Night Passage is the ninth studio album by Weather Report, released in 1980. The tracks were recorded on July 12 and 13, 1980 at The Complex studios in Los Angeles (before a crowd of 250 people who can be heard on a couple of tracks), except for "Madagascar", recorded live at the Festival Hall, Osaka, Japan on June 29 of the same year. 
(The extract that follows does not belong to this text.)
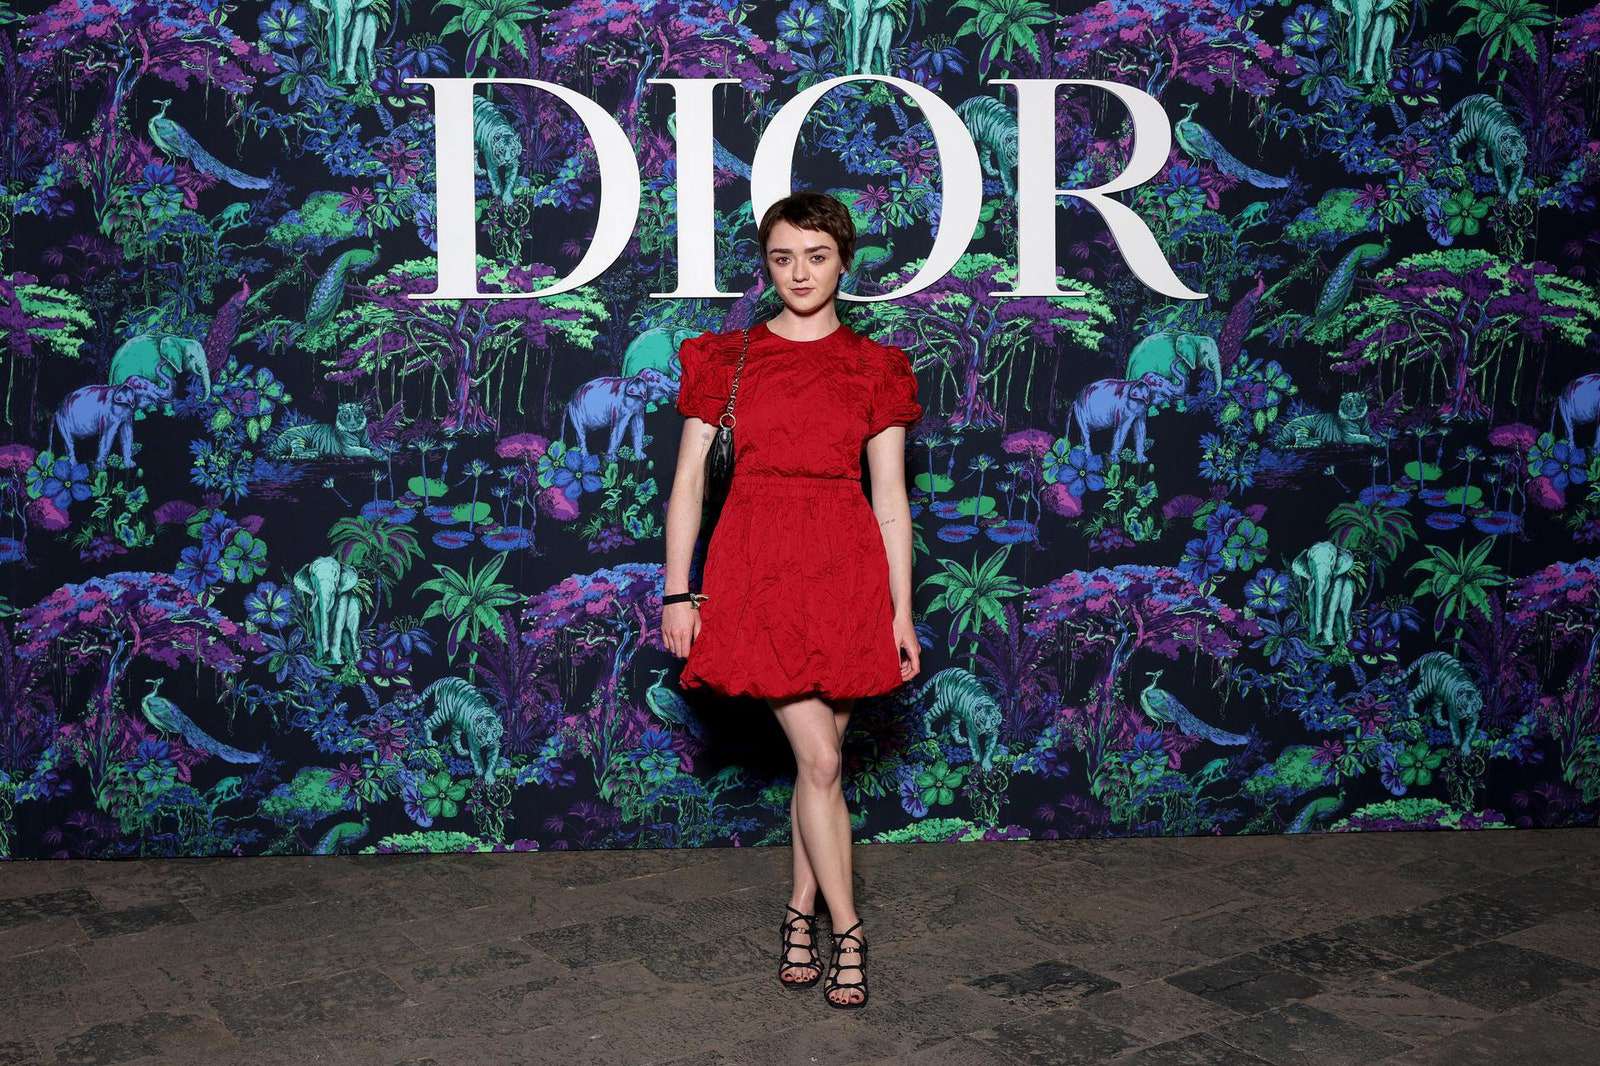 Dior Fall/Winter 2023 Show In Mumbai Maisie Williams wore a Dior red cotton dress. She also wore a Dior bag and shoes.

The album introduces a new member to the band, namely percussionist Robert Thomas Jr. Night Passage dials back the elaborate production of some of Weather Report's earlier releases (most notably 1978's Mr. Gone). What is lost in overdubs is made up in solo improvisation in the classic jazz tradition.

Trivia 

The 7th track on the album "Three Views of a Secret" would be re-recorded for Jaco Pastorius' second solo studio album entitled Word of Mouth (1981).

Critical reception 

Richard S. Ginell of Allmusic gave a four out of five stars review saying "All things being relative, this is Weather Report's straight-ahead album, where the elaborate production layers of the late-'70s gave way to sparer textures and more unadorned solo improvisation in the jazz tradition, electric instruments and all." Don Heckman of High Fidelity called Night Passage "one of the finest albums Weather Report has ever made".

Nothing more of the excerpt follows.